The solution of an SDE is, itself, a stochastic process. To understand how this comes about, it helps to start by thinking through what an ordinary differential equation is, what constitutes a solution, and how to find a solution. The canonical sort of autonomous ordinary differential equation looks like \[ \frac{dx}{dt} = f(x) \] or \[ \frac{dx}{dt} = f(x,t) \] if it's non-autonomous. (I won't keep noting all the modifications for non-autonomous equations when they're clear.) Here \( f \) is the vector field which gives the rate of change of the system's variables, either as a function of their current value (autonomous), or their current value and the time (non-autonomous). A solution to the equation is a function \( x(t) \) whose time derivative matches the field: \[ \frac{dx}{dt}(t) = f(x(t)) \] Now, you'll recall from baby calculus that \( x(t) \) and \( x(t)+c \) have the same time derivative, for any constant \( c \). This means that the solution to an ODE isn't unique. We typically add on an extra requirement, such as an initial condition, \[ x(0) = x_0 \] to make the solution unique (and to represent the initial state of the system).

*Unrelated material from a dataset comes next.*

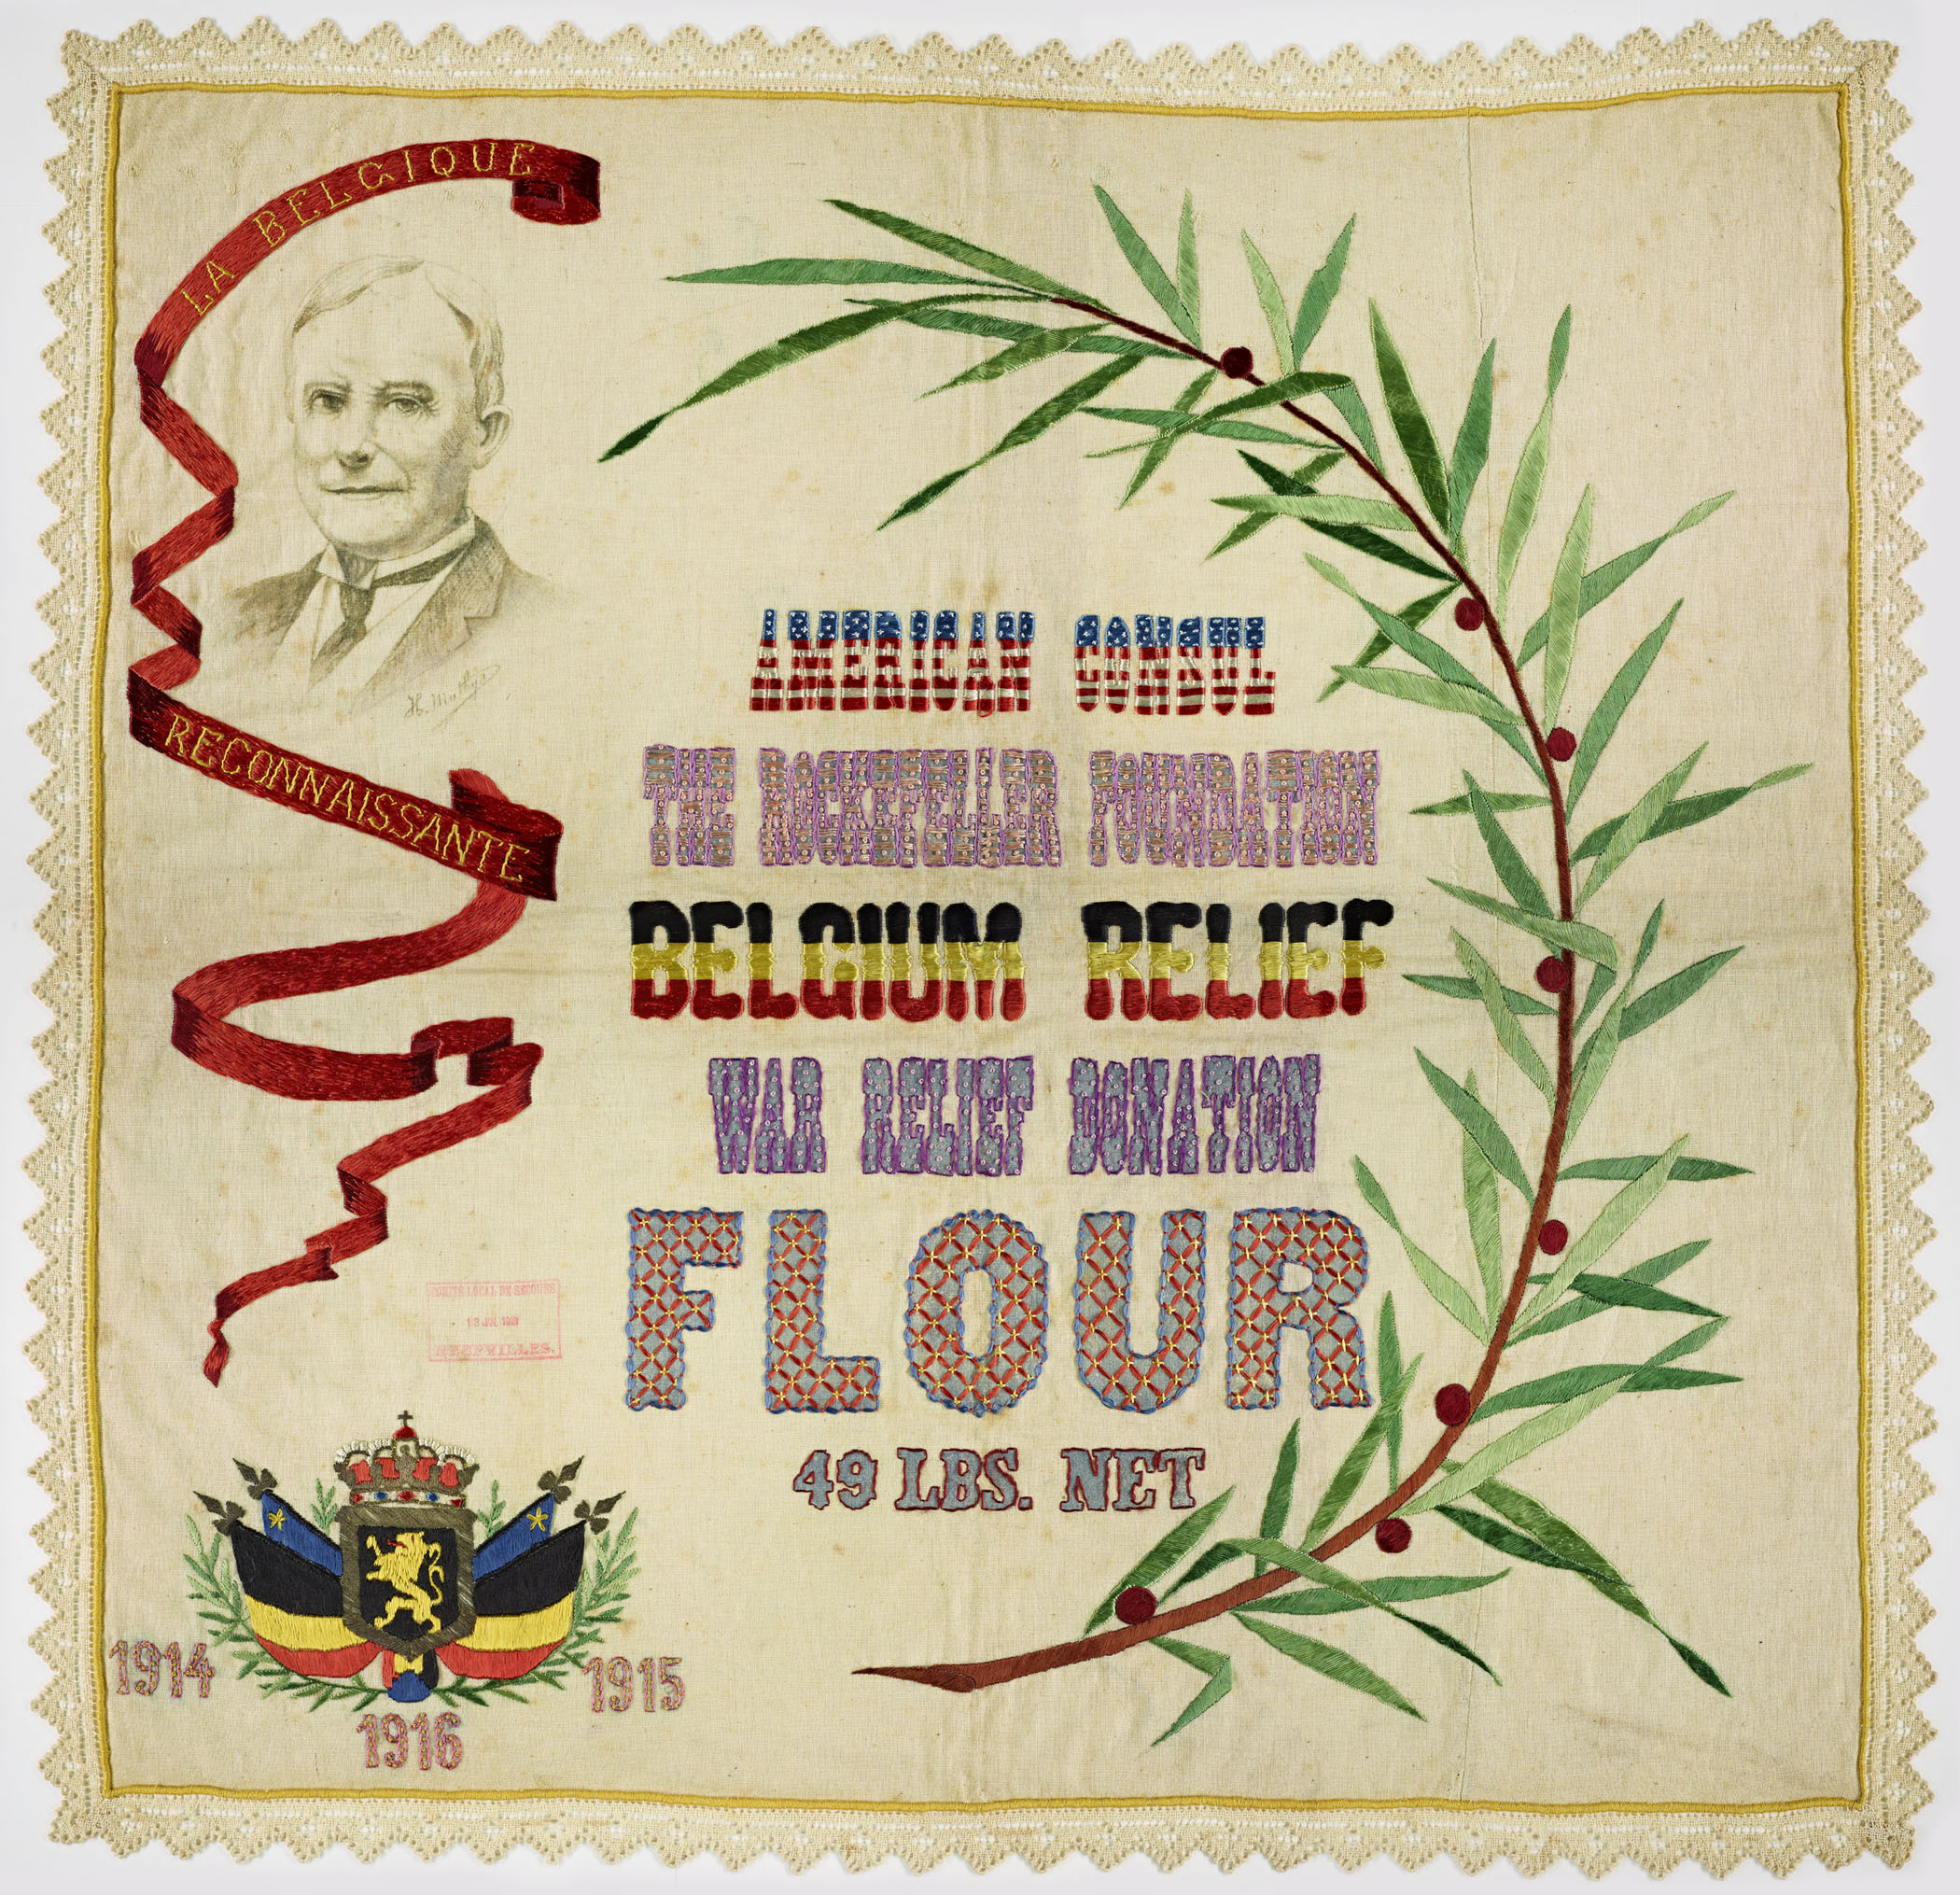 Belgian War Relief Effort Flour Sack

Finding a solution to the ODE means finding such a function, which in principle we can do by integrating. This is easiest to see if the equation isn't just non-autonomous, but doesn't depend on \( x \) at all, \[ \frac{dx}{dt} = f(t) \] Then we integrate both sides over time, from 0 to our time of interest \( t \); I'll write the variable of integration as \( s \) to keep it distinct: \[ \begin{eqnarray*} \int_{0}^{t}{\frac{dx}{dt} ds} & = & \int_{0}^{t}{f(s) ds}\\ x(t) - x(0) & = & \int_{0}^{t}{f(s) ds}\\ x(t) & = & x_0 + \int_{0}^{t}{f(s) ds} \end{eqnarray*} \] using the fundamental theorem of calculus, and the initial condition. Even if the equation isn't completely externally driven, we can still in principle do the same thing: \[ x(s) = x_0 + \int_{0}^{t}{f(x(s), s) ds} \]

We can actually calculate such a thing by using many different numerical schemes. One which is particularly helpful to going forward is Euler's method. Pick a small increment of time \( h \). We start with \( x(0) = x_0 \). Then we say \[ x(t+h) = x(t) + h f(x(t)) \] for the points \( t=0 \), \( t=h \), \( t=2h \), etc. In between those points we interpolate linearly. This gives us a function which doesn't quite obey the differential equation, but one can show that it comes closer and closer to doing so as \( h \rightarrow 0 \). (As I recall, Arnol'd's textbook, mentioned above, contains a pretty proof.)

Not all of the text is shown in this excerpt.